31 May 2011

want to go green when redecorating?

No, I don't mean by painting your walls olive (though that is a nice shade). I mean by choosing furnishings that are eco-friendly. It is now possible to be eco-minded and still buy furniture that is trendy and reflects your personal style, without spending a ton of the other green stuff.

When looking for environmentally sustainable furniture, look for it to be labeled eco-friendly. Wooden pieces should come from renewable sources or from a company that is certified for only using wood that is not treated with chemicals and is not taken from protected areas. Search for products that are locally made and minimize shipping distance. Choose fabrics that are unbleached and use chemical-free dyes. And look for natural and renewable materials such jute, bamboo, mango, teak, cork and organic cotton.

Another great way to reduce the impact on the environment is to shop at thrift, resale and antique shops to find vintage pieces and furniture you can repurpose. Paint and reupholstering are easy and have a huge impact!
Urban Tree Salvage

Brothers Dressler 
Crate & Barrel


Think you will try to incorporate eco-concious design into your next refresh? Let me know how it goes!


  1. I know, isn't it great! I have seen versions of this around locally as well.

  2. I am so glad that I found your blog- I have a similar design taste and am very eco-minded. Beautiful blog...

    However, just a note about bamboo fibres- bamboo textiles as a eco-product is misleading. Because bamboo is fast growing, it is a superior product for use in place of wood- flooring, furniture, cutting boards. However, as a fabric, the case as a superior renewable resource loses advantage. Growing cotton & flax, for example, is comparable but for bamboo to become a soft fibre a considerable amount of toxic chemicals are required to make it into fibre. The processing of bamboo is highly toxic and is responsible for polluting water near it's production facilities in China.

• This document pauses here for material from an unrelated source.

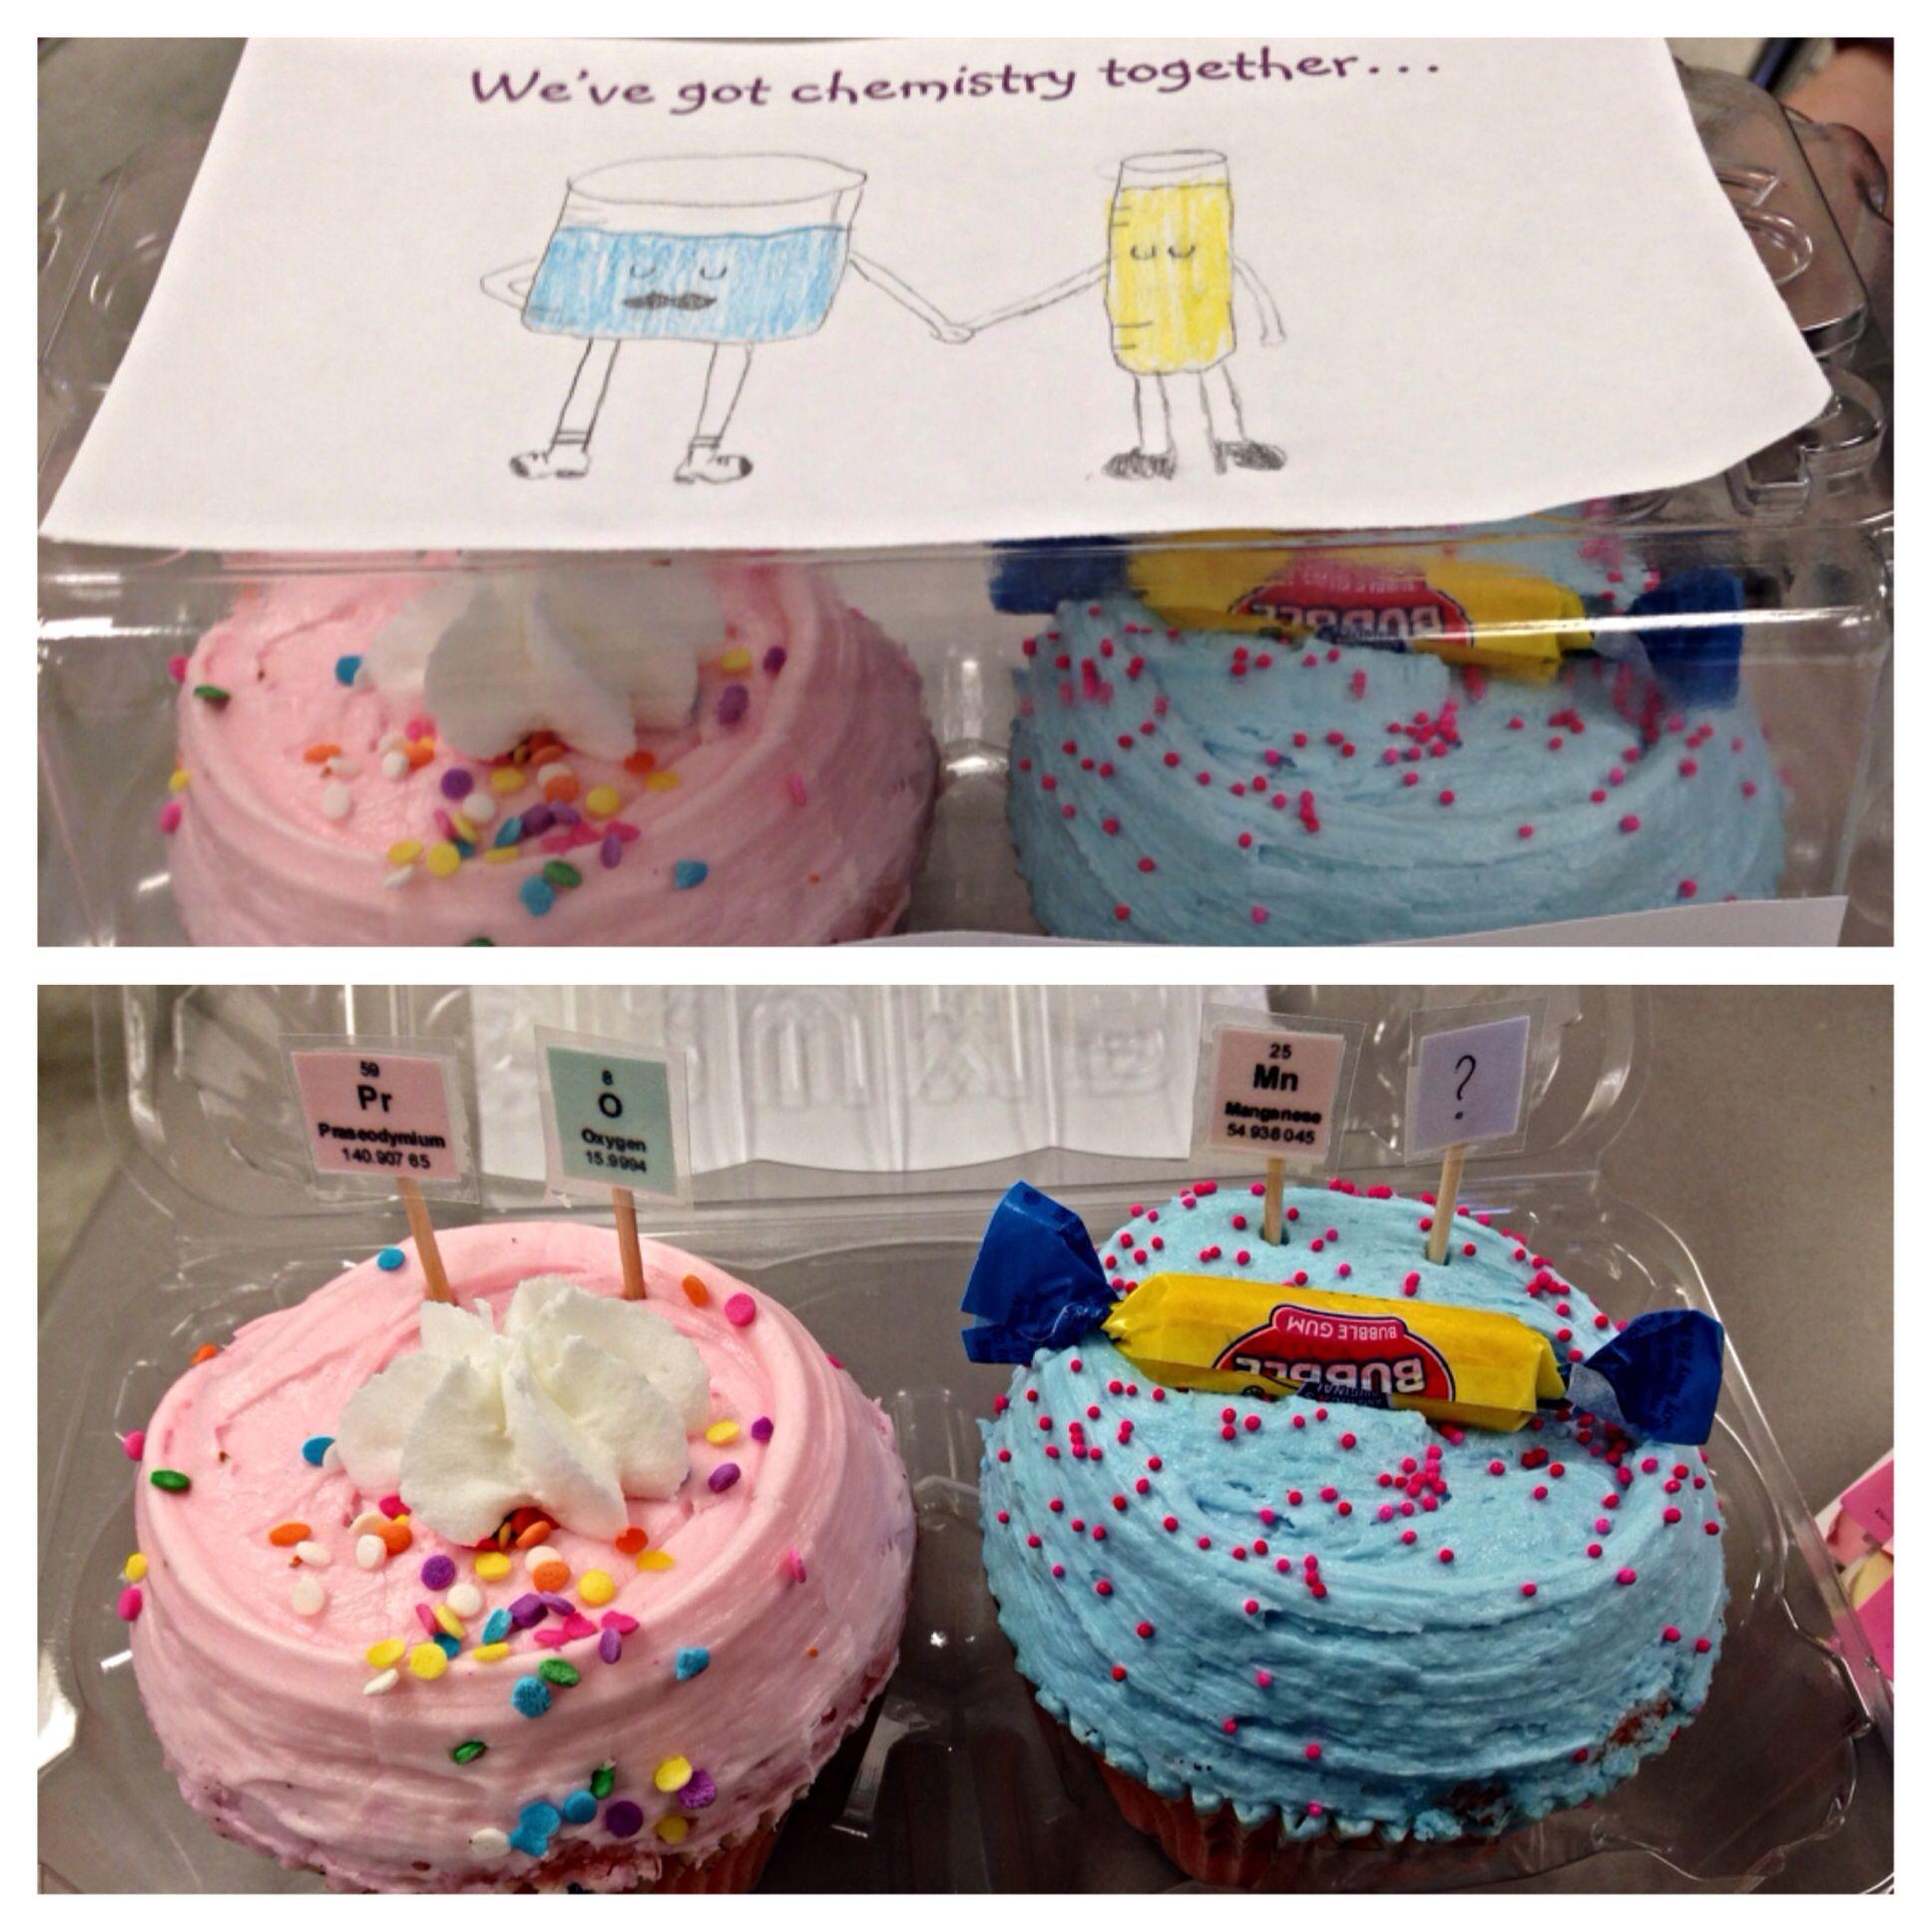 promposal an adorable idea cupcakes pinterest promposal

    Just sharing some info I had researched- sadly, bamboo fabric is another example of trying to cash in on the environmental movement using misleading information.

  3. @cred

    Thanks so much for your comment and for sharing this info on bamboo. It is good to know about the fibre process.

    I agree with you, it takes some research to understand what is really eco-friendly and what only appears that way.

    Please add info like this whenever you can. Thanks.